**TASK PROMPT:** Return each line below exactly as it reads, and omit any image in it.

------ RAW DATA

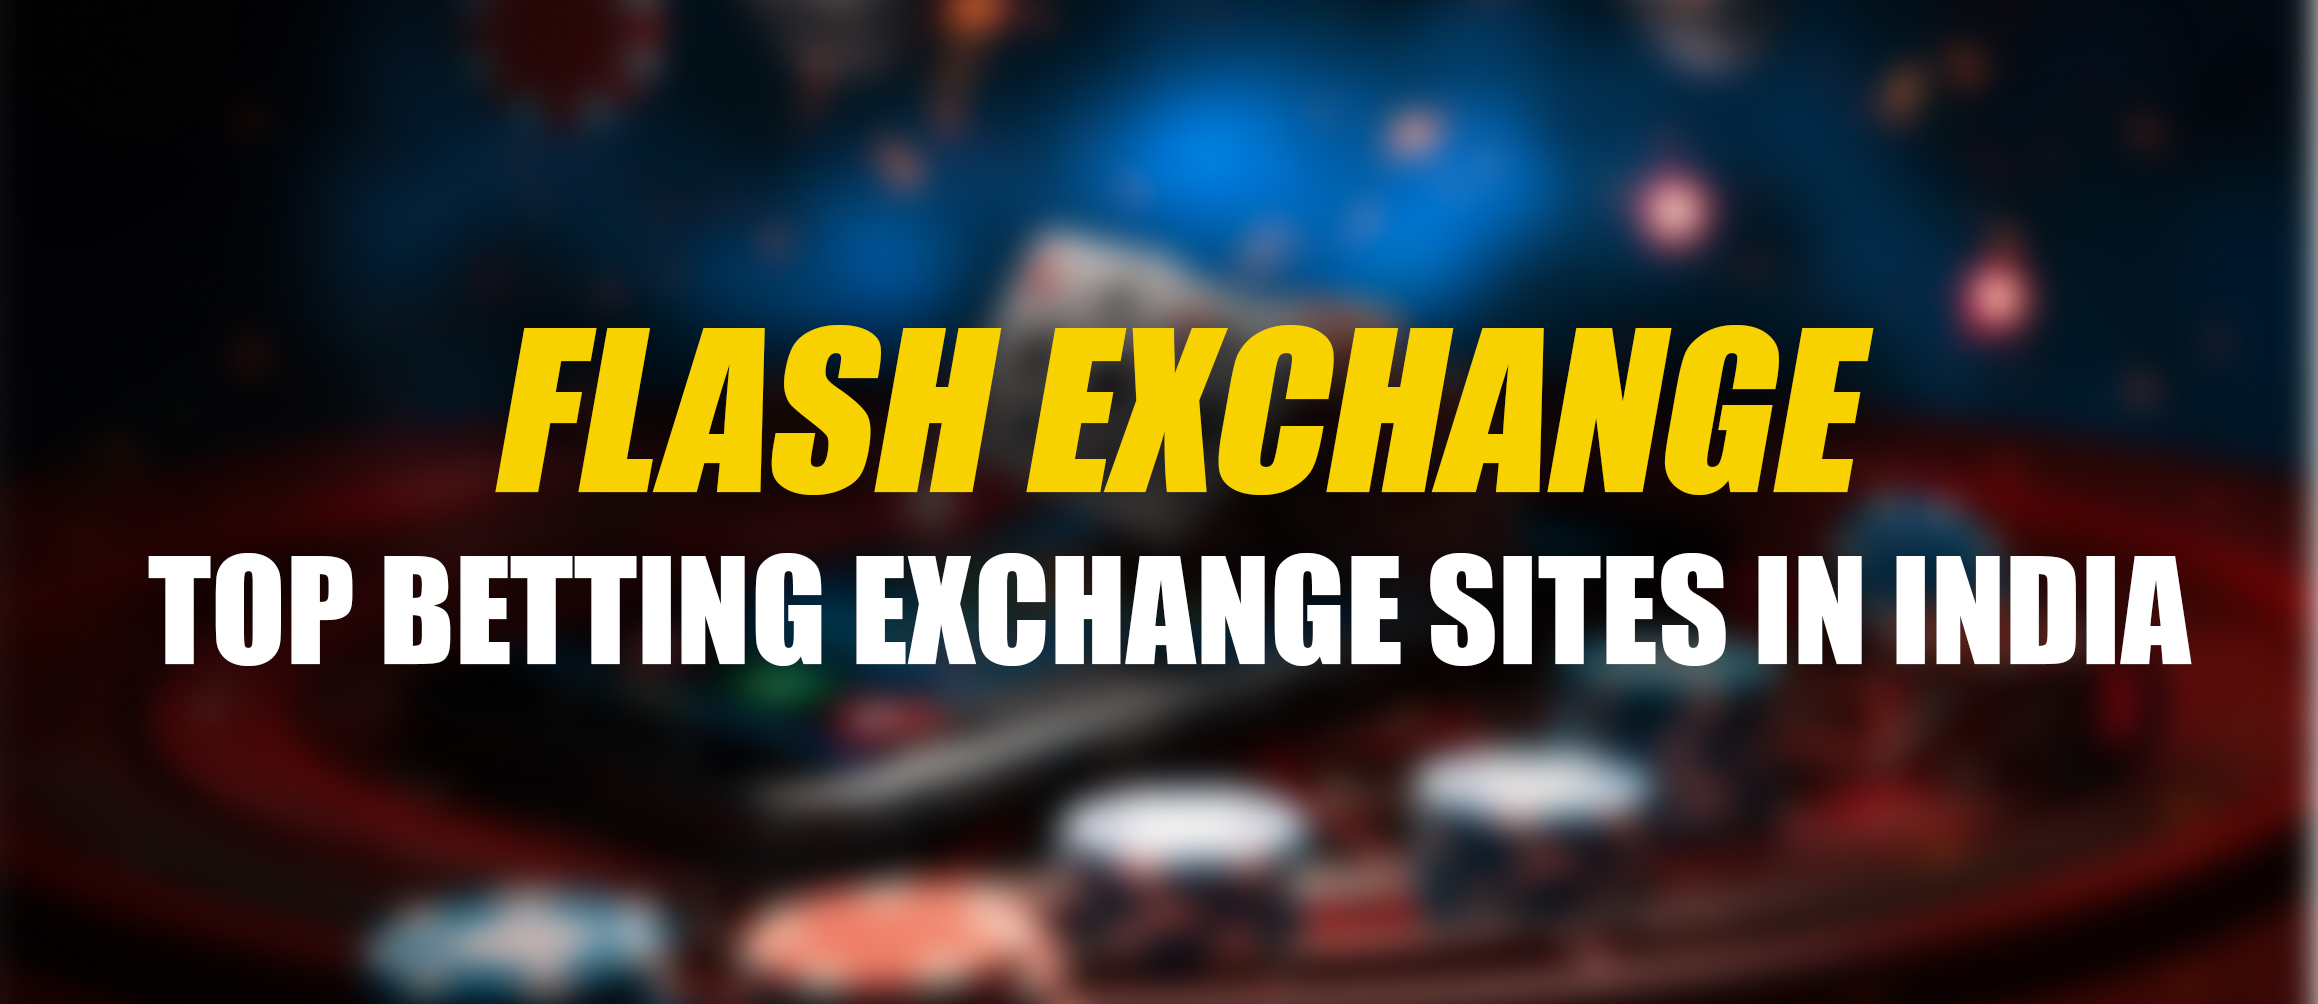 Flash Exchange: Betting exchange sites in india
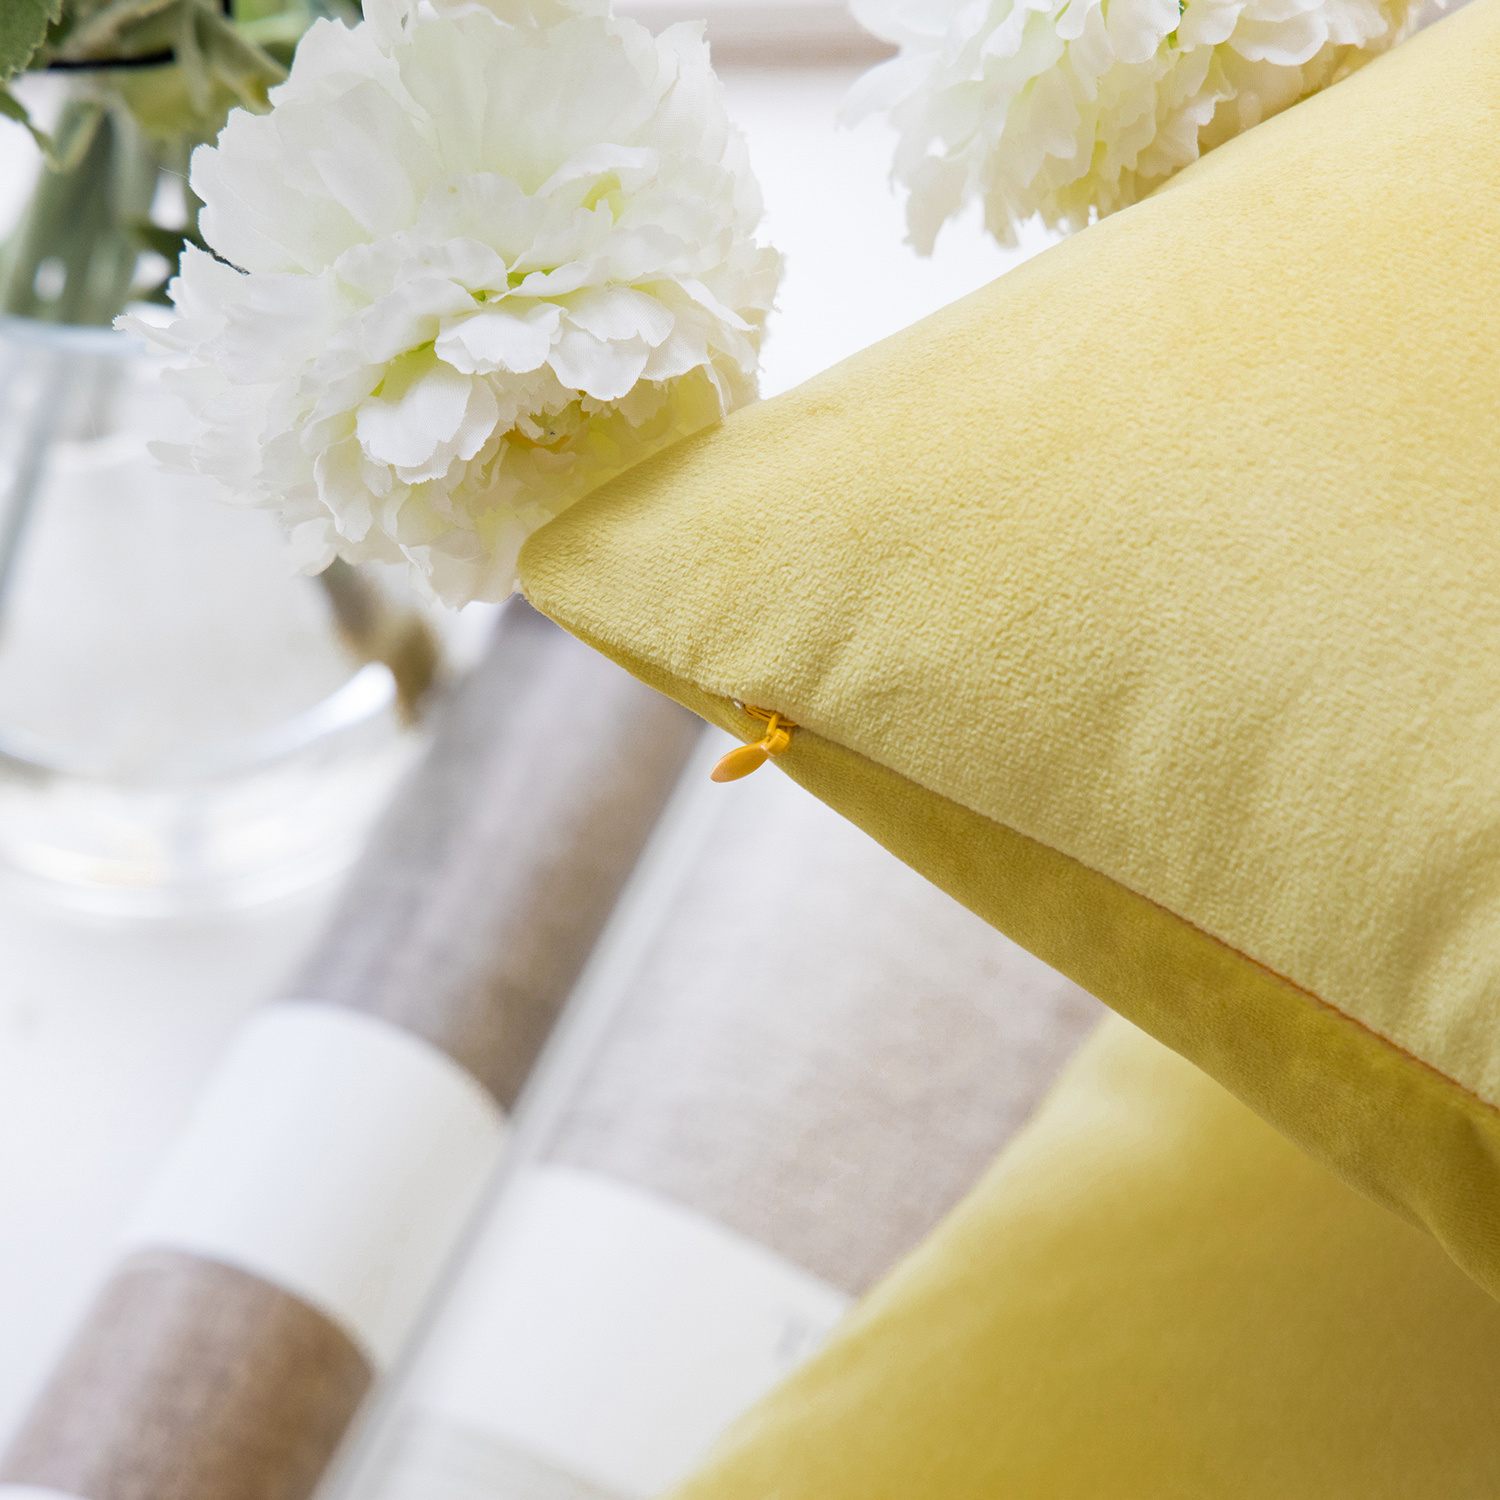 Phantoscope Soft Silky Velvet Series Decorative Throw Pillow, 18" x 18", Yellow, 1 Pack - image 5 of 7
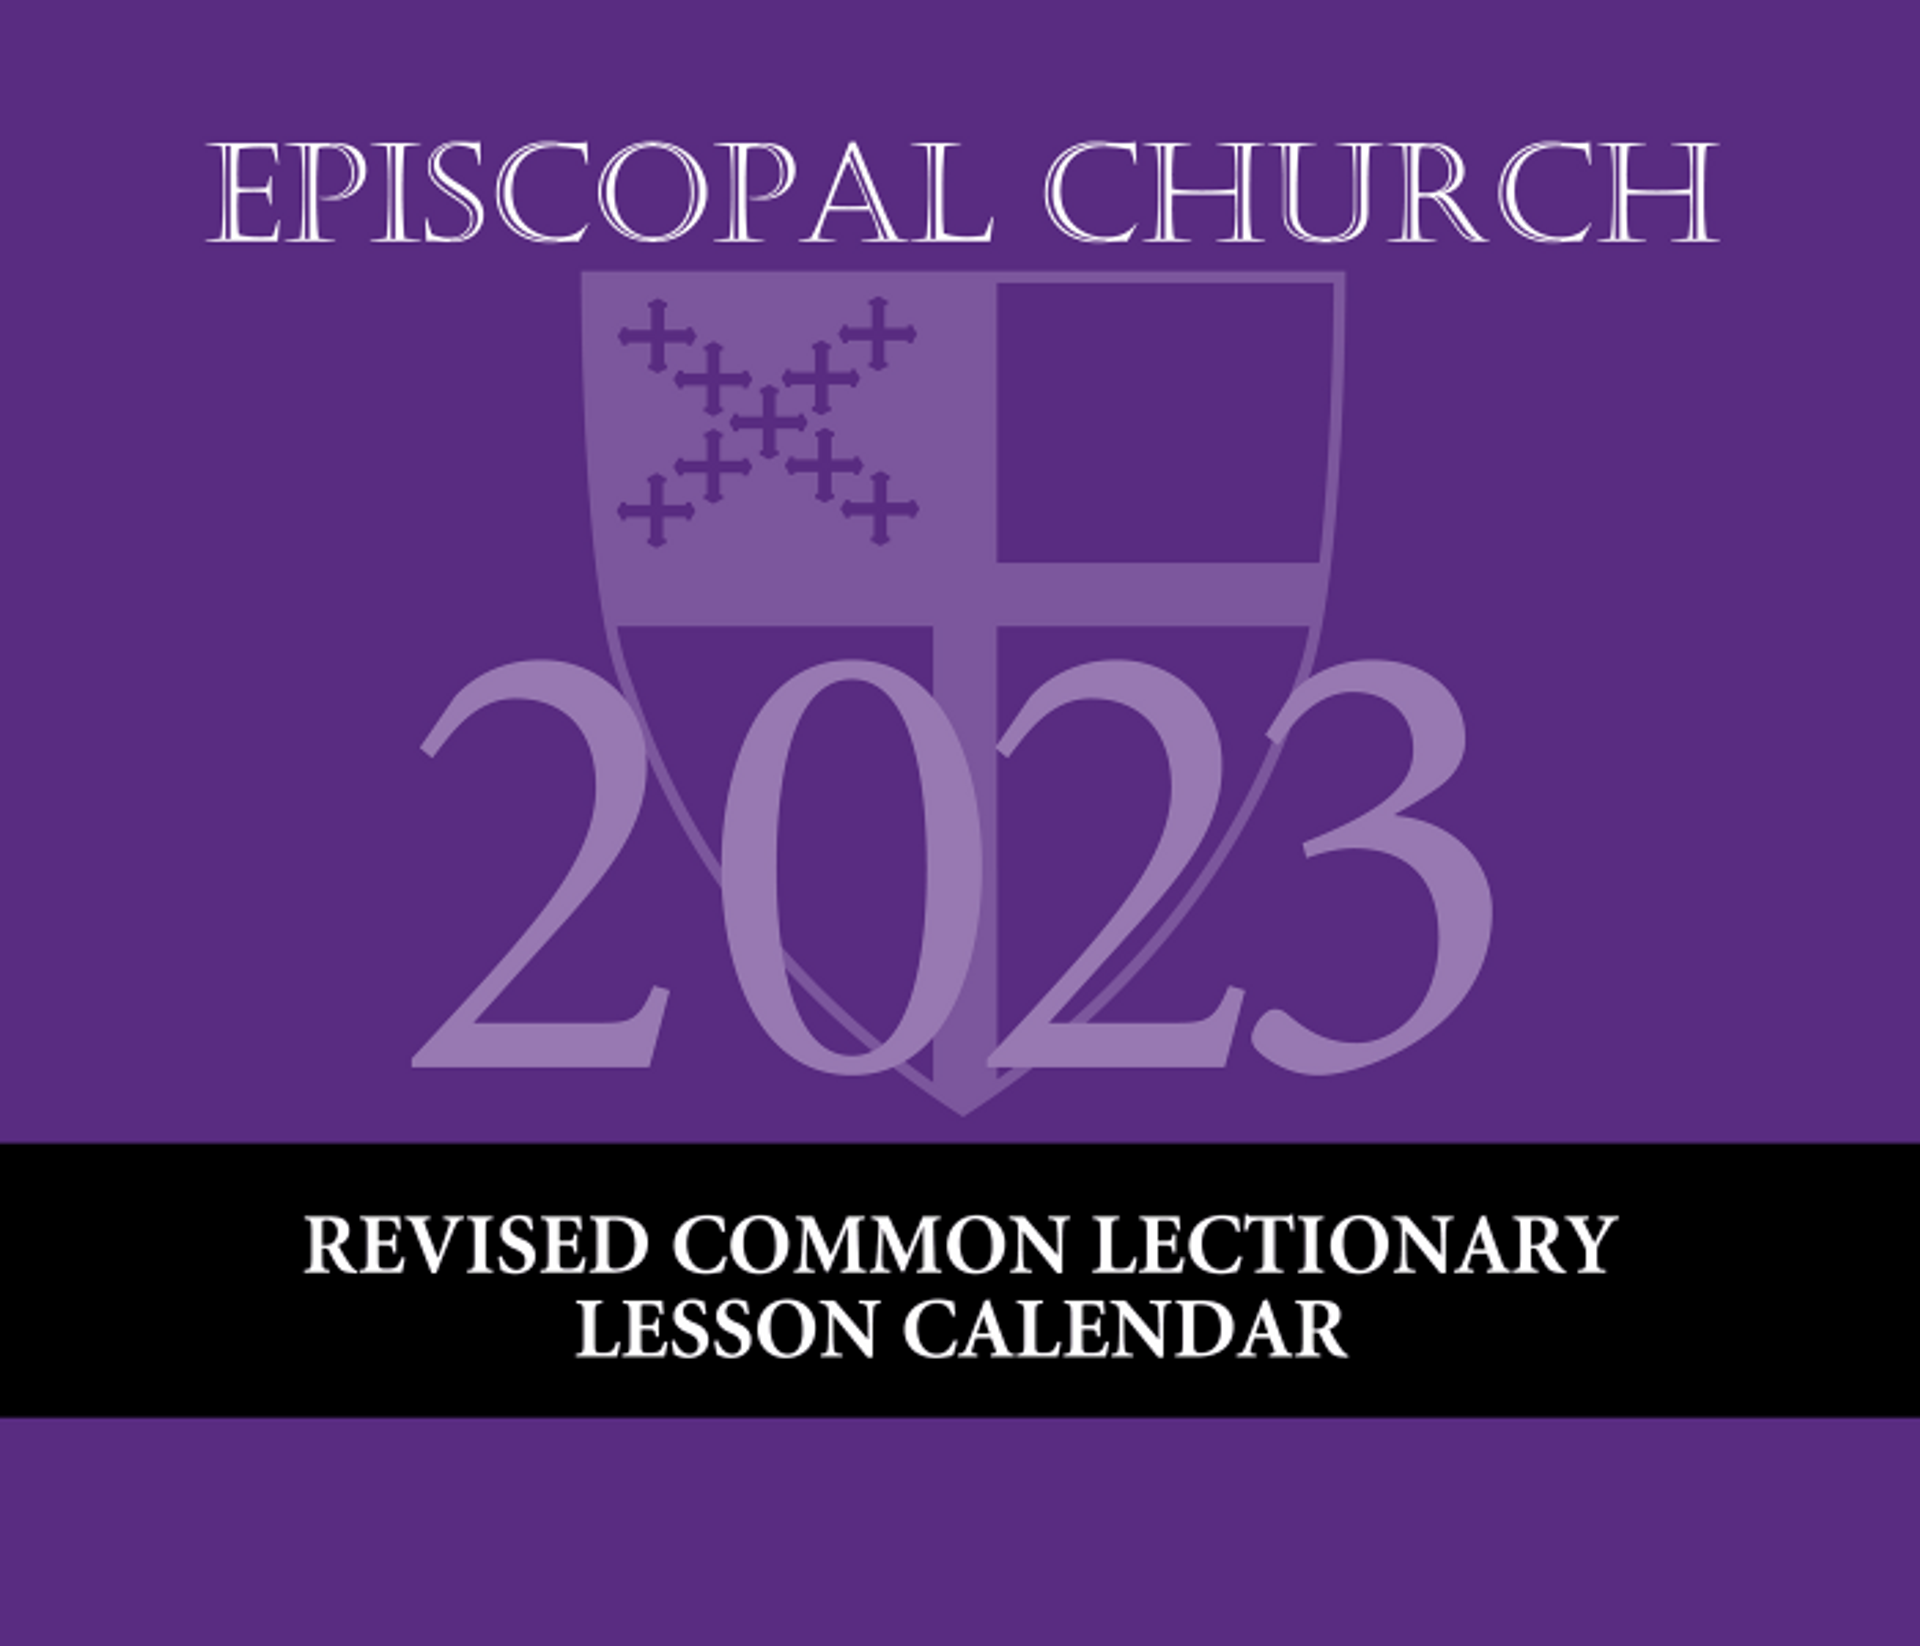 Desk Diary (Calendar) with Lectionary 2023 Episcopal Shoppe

------------

**SOLUTION FOR THIS PROBLEM:**
 Flash Exchange: Betting exchange sites in india
 Phantoscope Soft Silky Velvet Series Decorative Throw Pillow, 18" x 18", Yellow, 1 Pack - image 5 of 7
 Desk Diary (Calendar) with Lectionary 2023 Episcopal Shoppe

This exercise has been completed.